▸ **Your instructions**: Could you write out the listing below exactly as it stands, leaving out the pictures?
━━ Data ━━
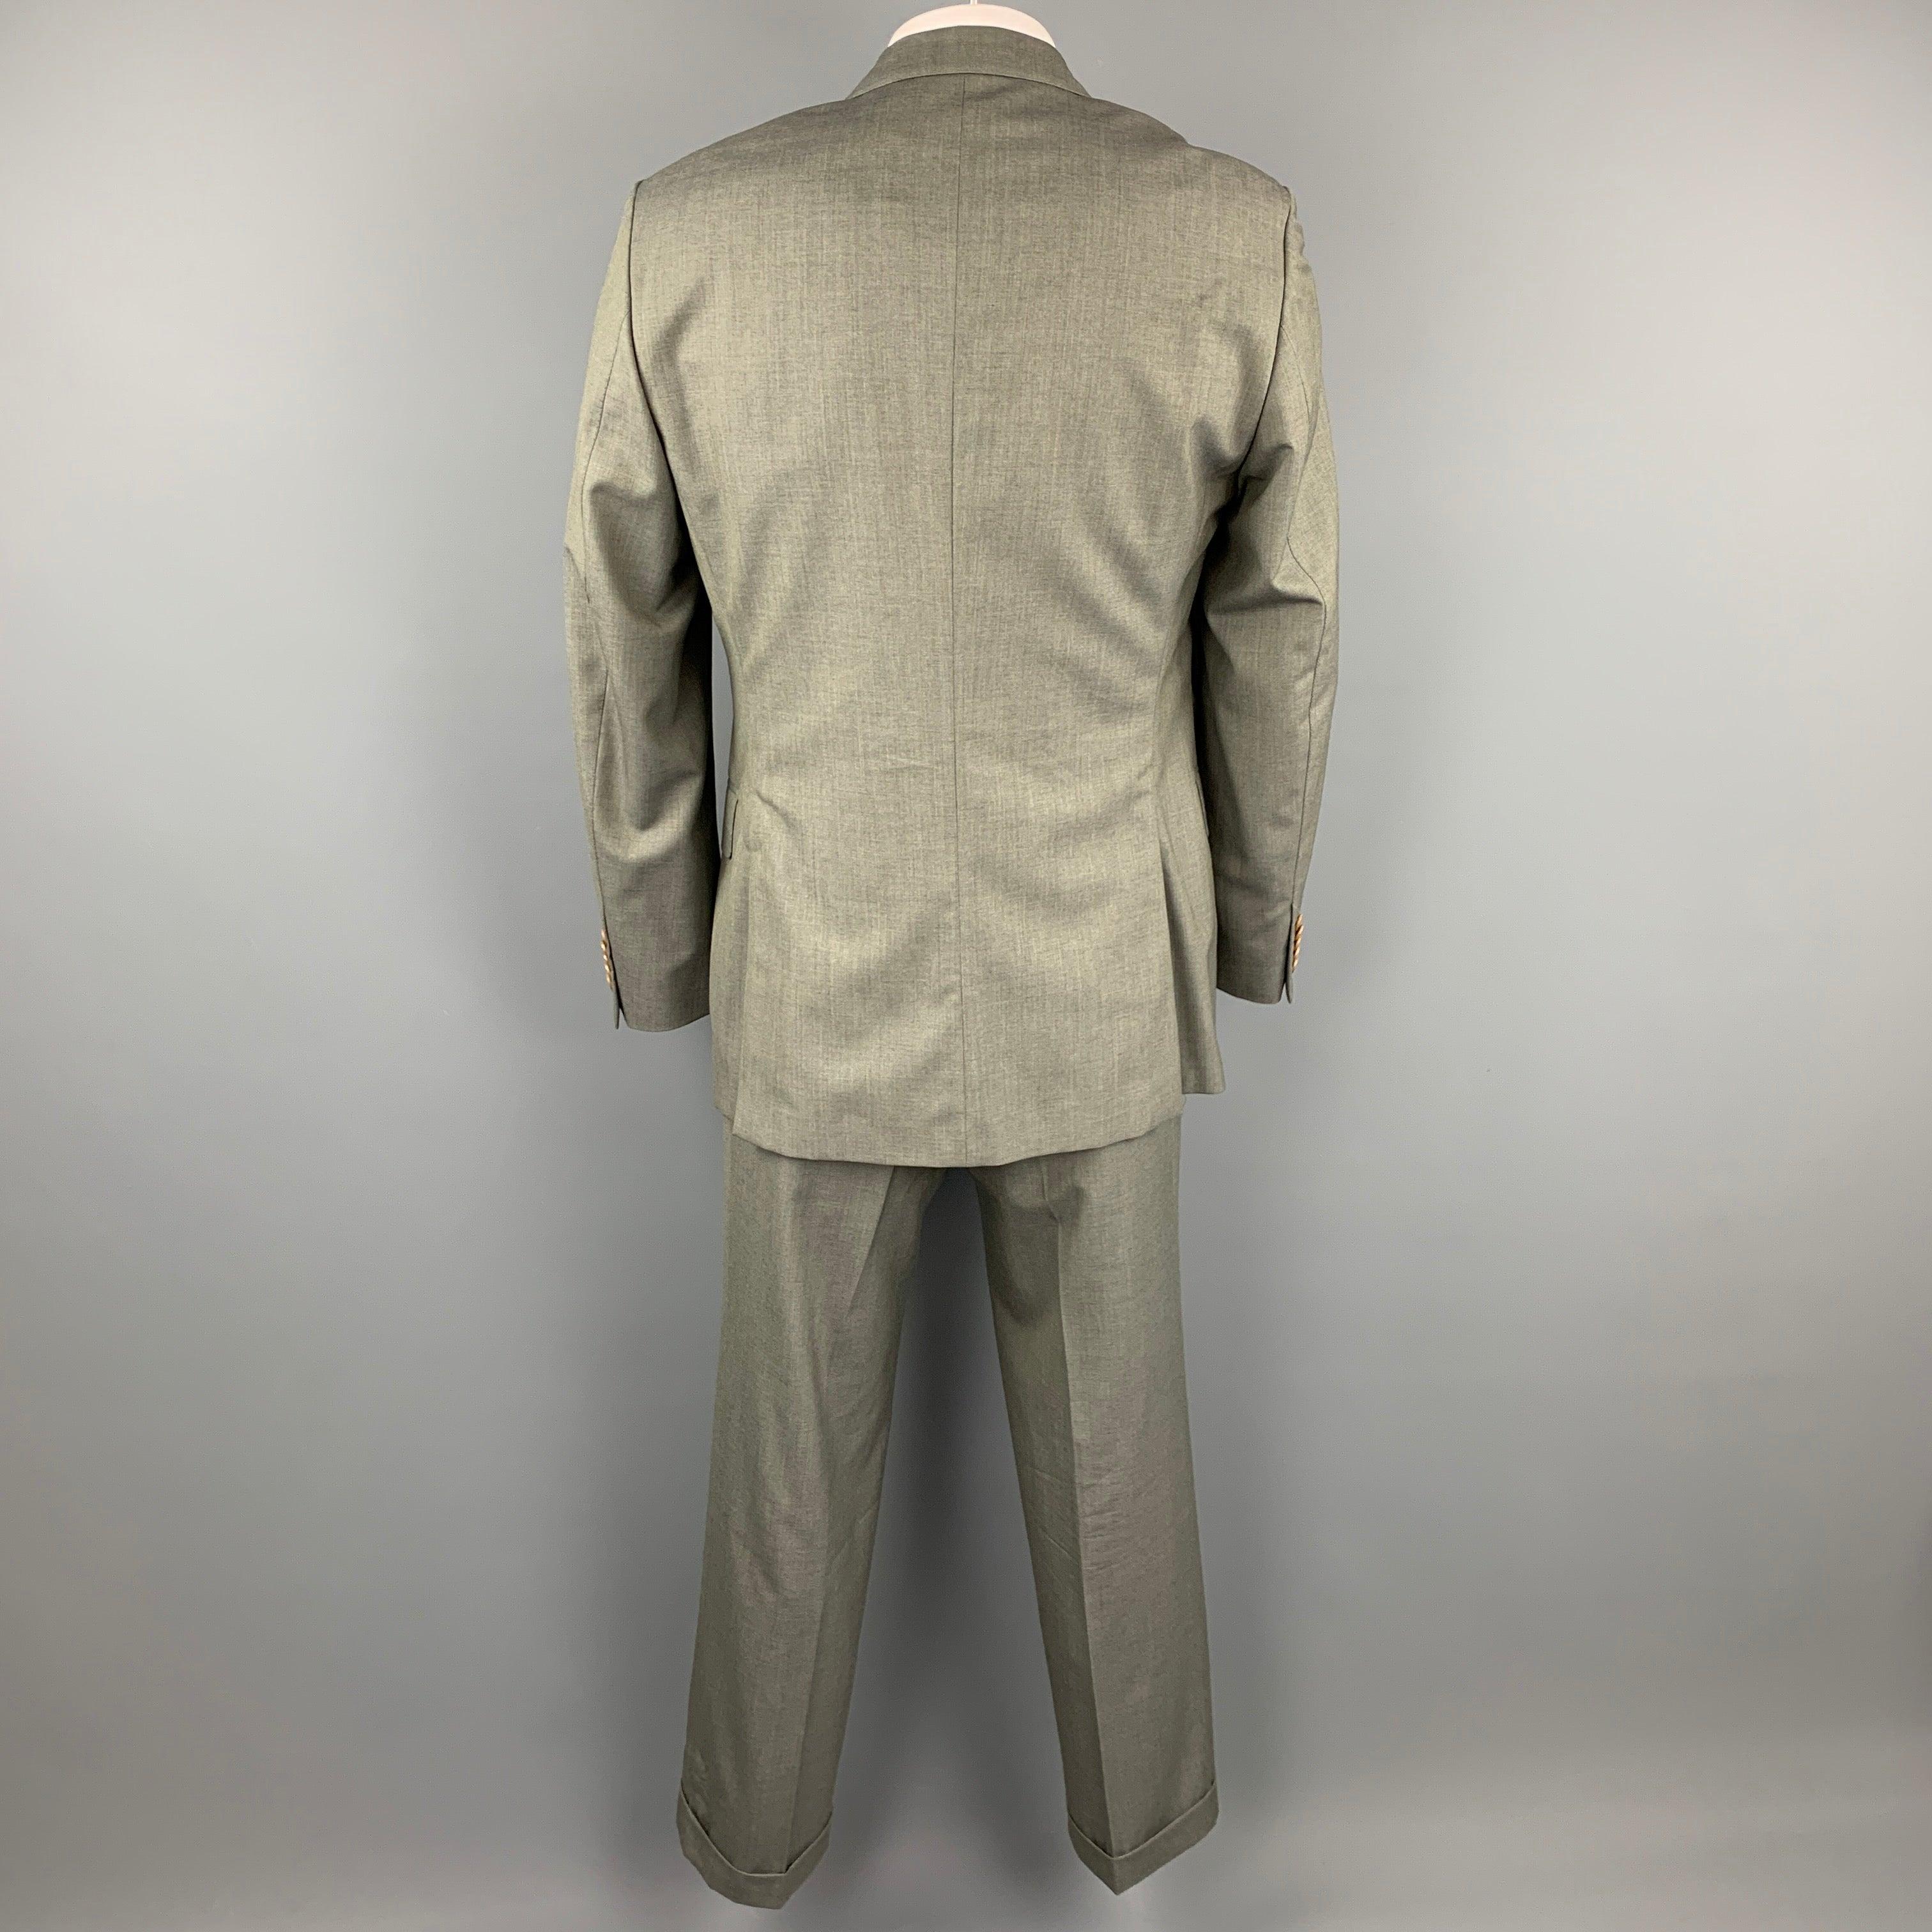 PAUL SMITH The Byard Size 44 Regular Grey Wool Notch Lapel Suit In Excellent Condition For Sale In San Francisco, CA
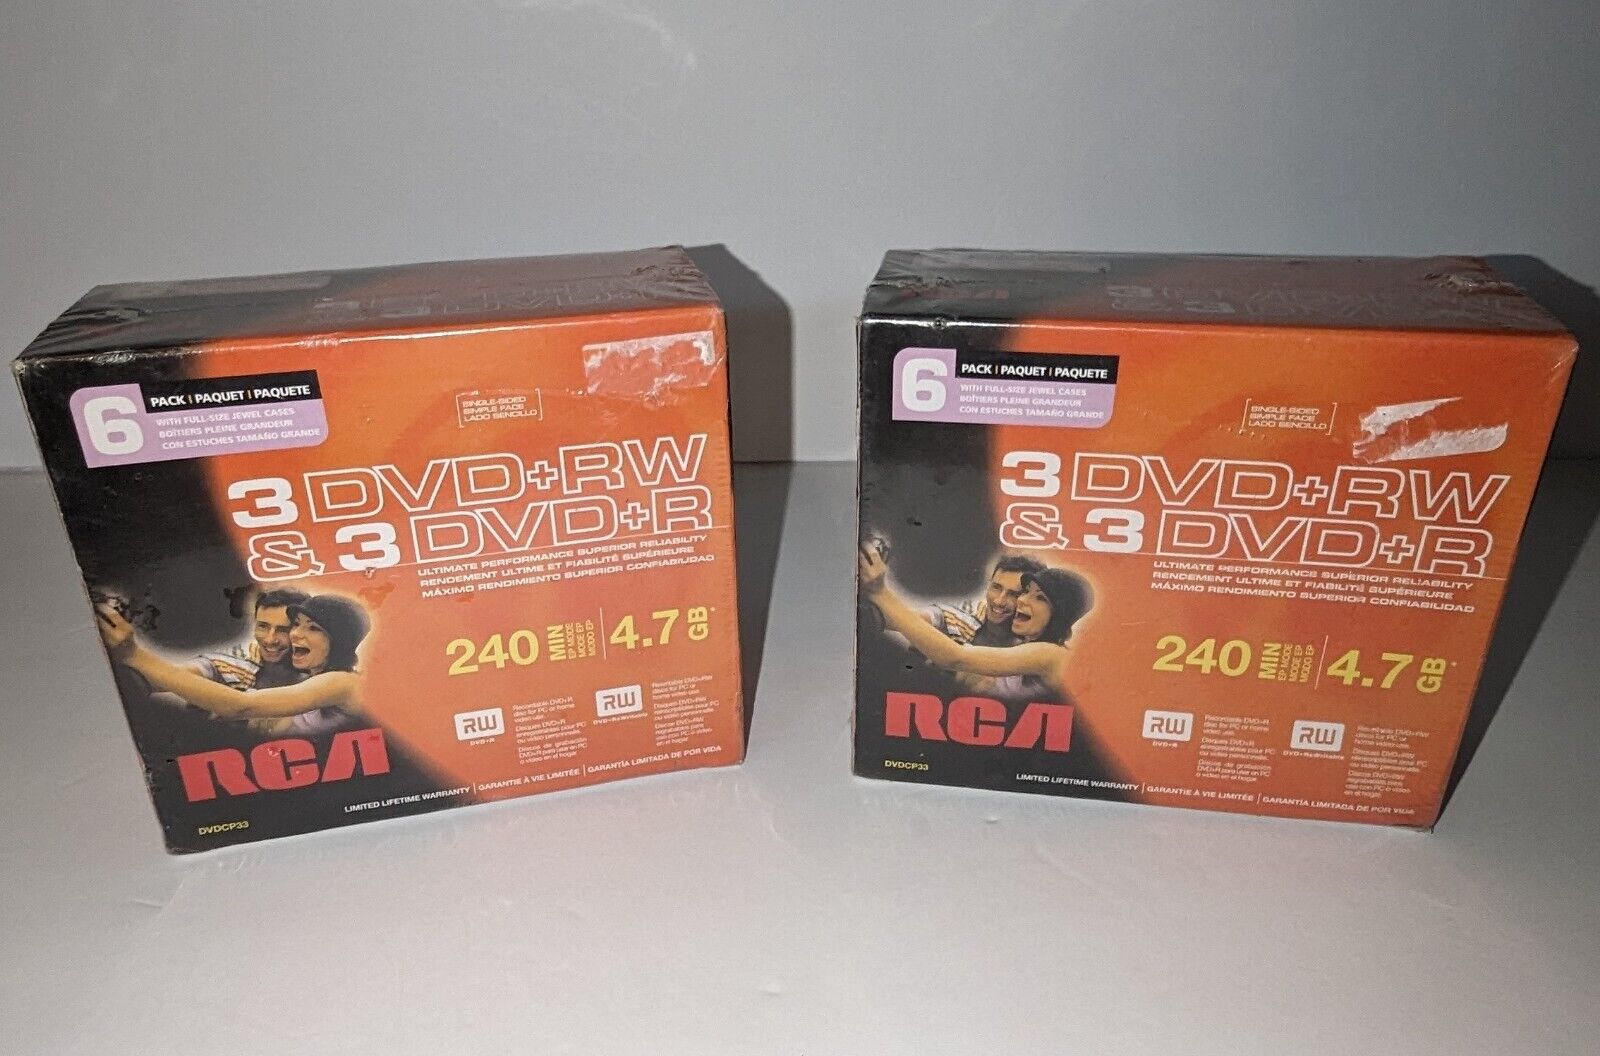 Set Of 2 RCA DVDCP33 DVD+R/RW Combo Pack (6-pk) 240 Min 4.7 GB With Jewel Cases
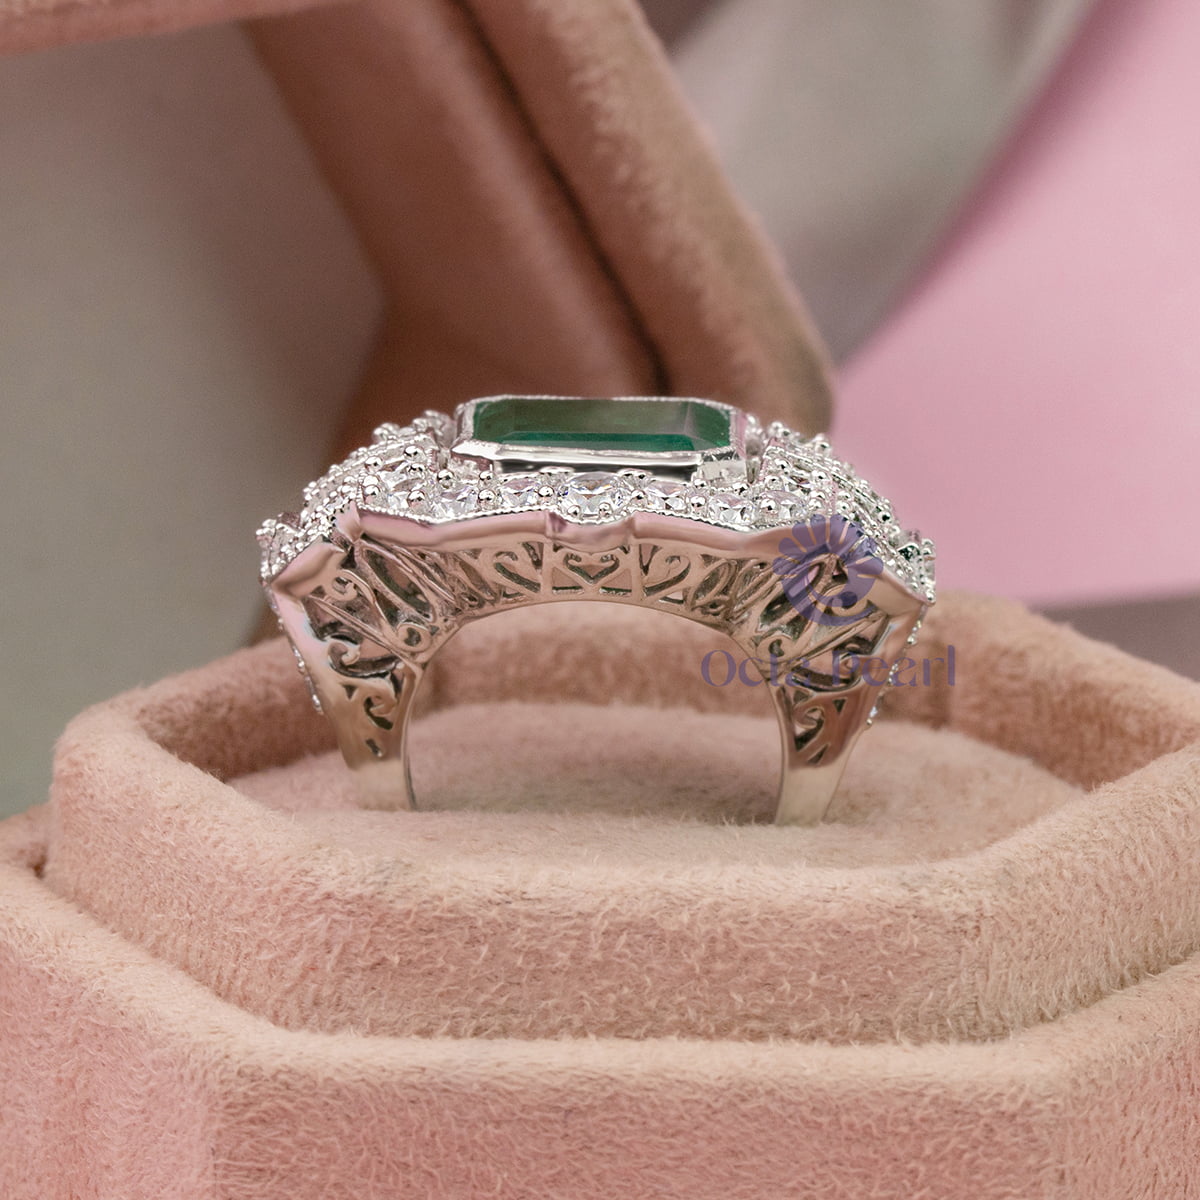 Bezel Set Green Asscher With Surrounded Halo Set Round CZ Stone Art Deco Style Square Ring (11 3/5 TCW)
━━━
▸ **Output for this task**:
 PAUL SMITH The Byard Size 44 Regular Grey Wool Notch Lapel Suit In Excellent Condition For Sale In San Francisco, CA
 Set Of 2 RCA DVDCP33 DVD+R/RW Combo Pack (6-pk) 240 Min 4.7 GB With Jewel Cases
 Bezel Set Green Asscher With Surrounded Halo Set Round CZ Stone Art Deco Style Square Ring (11 3/5 TCW)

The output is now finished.